Weijnen C F, De Wit N J, Numans M E, Kuipers E J, Hoes A W, Verheij T J
Julius Center for General Practice and Patient Oriented Research, University Medical Center Utrecht, Utrecht, The Netherlands.
Aliment Pharmacol Ther. 2001 Aug;15(8):1205-10. doi: 10.1046/j.1365-2036.2001.01047.x.
To identify the most accurate and efficient test for diagnosing Helicobacter pylori infection in primary care patients.
A whole blood test, an ELISA, and carbon13 urea breath test (CUBT) were evaluated in a primary care setting and validated against two different gold standards that used gastric biopsies.
Primary care patients who had dyspeptic complaints lasting at least 2 weeks and were referred for endoscopy.
Positive and negative predictive values, sensitivity and specificity were determined for all three noninvasive H. pylori tests.
Data from the three non-invasive H. pylori tests were available for 136 primary care dyspeptic patients referred for endoscopy. They were compared with data from the gold standards. The positive predictive value of the whole blood test was in the range 71-75%, the ELISA 83-86%, and the CUBT 88-92%, while the negative predictive values were in the ranges 72-77%, 96-100%, and 95-98%, respectively. The sensitivity of the whole blood test was in the range 36-42%, the ELISA 93-100%, and the CUBT 92-97%, while the specificities were in the ranges 92-93%, 90-91% and 93-95%, respectively. The positive predictive value of the ELISA dropped significantly at lower H. pylori infection rates.

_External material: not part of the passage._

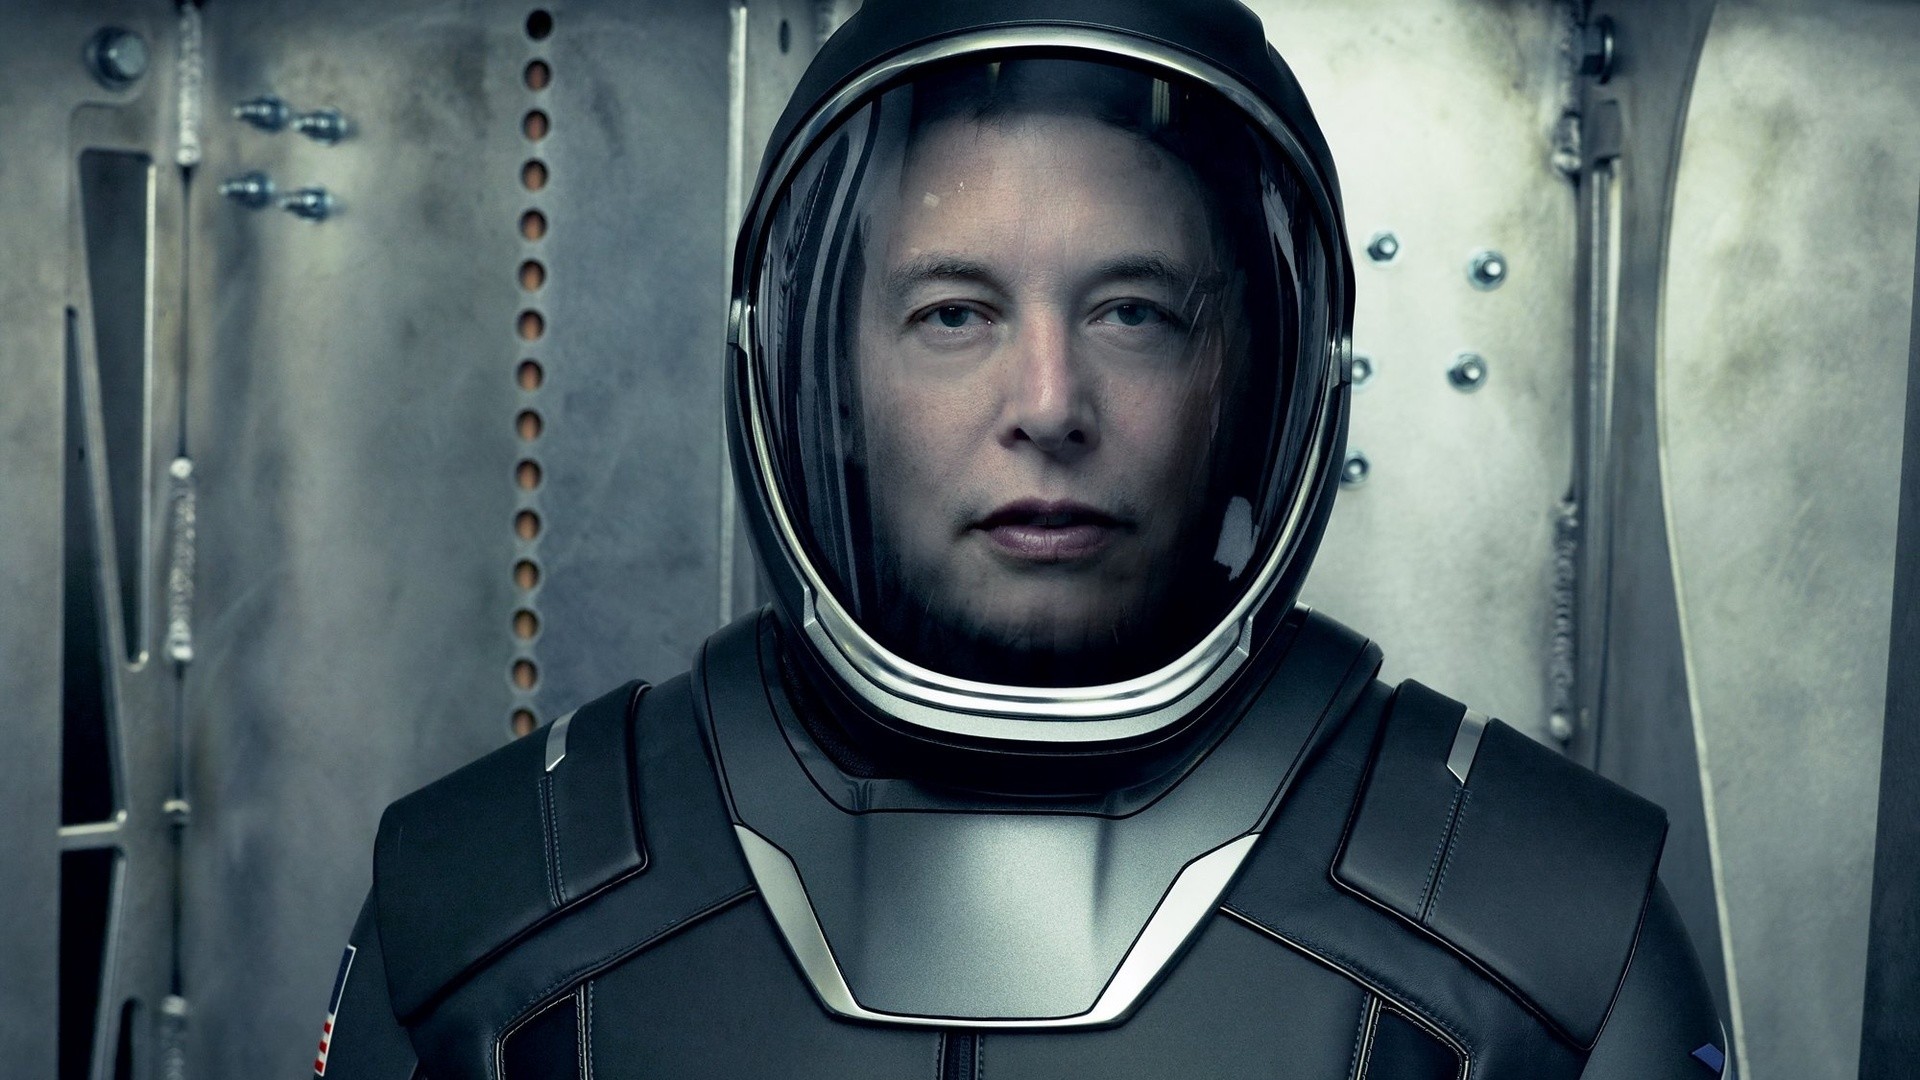 1920x1080 Elon Musk, Spacex, Ceo Of Spacex, Photos Of Elon Musk, Cosmonaut,
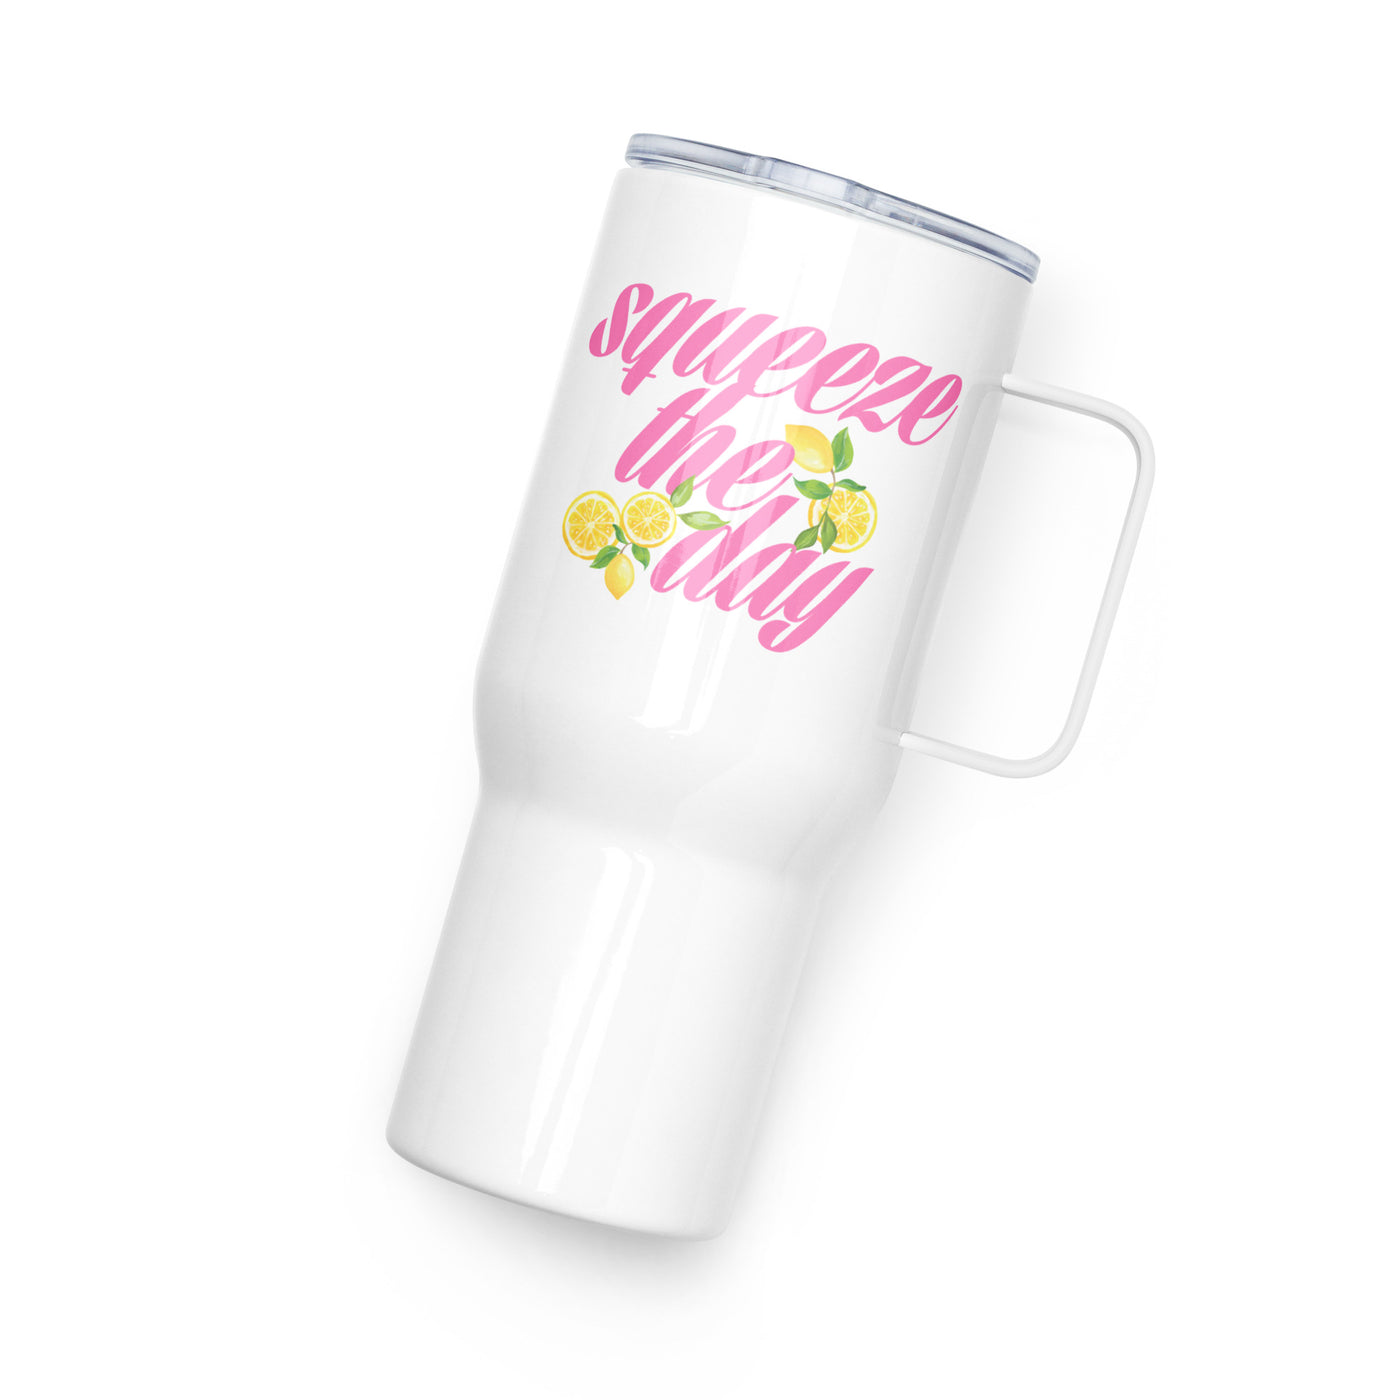 'Squeeze the Day' Travel Mug

Both the ELISA and CUBT are effective in the primary care setting, while the whole blood tests produces inferior results. ELISA might, however, be less suitable for detecting H. pylori infection in a population with a low rate of infection.
确定在基层医疗患者中诊断幽门螺杆菌感染最准确、高效的检测方法。
在基层医疗环境中对全血检测、酶联免疫吸附测定(ELISA)和碳-13尿素呼气试验(CUBT)进行评估,并与两种使用胃活检的不同金标准进行验证。
有至少持续2周消化不良症状并被转诊进行内镜检查的基层医疗患者。
确定所有三种非侵入性幽门螺杆菌检测的阳性和阴性预测值、敏感性和特异性。
136名因消化不良被转诊进行内镜检查的基层医疗患者有三种非侵入性幽门螺杆菌检测的数据。将这些数据与金标准的数据进行比较。全血检测的阳性预测值在71%-75%之间,ELISA为83%-86%,CUBT为88%-92%,而阴性预测值分别在72%-77%、96%-100%和95%-98%之间。全血检测的敏感性在36%-42%之间,ELISA为93%-100%,CUBT为92%-97%,而特异性分别在92%-93%、90%-91%和93%-95%之间。在较低的幽门螺杆菌感染率下,ELISA的阳性预测值显著下降。
ELISA和CUBT在基层医疗环境中均有效,而全血检测结果较差。然而,ELISA可能不太适合在感染率较低的人群中检测幽门螺杆菌感染。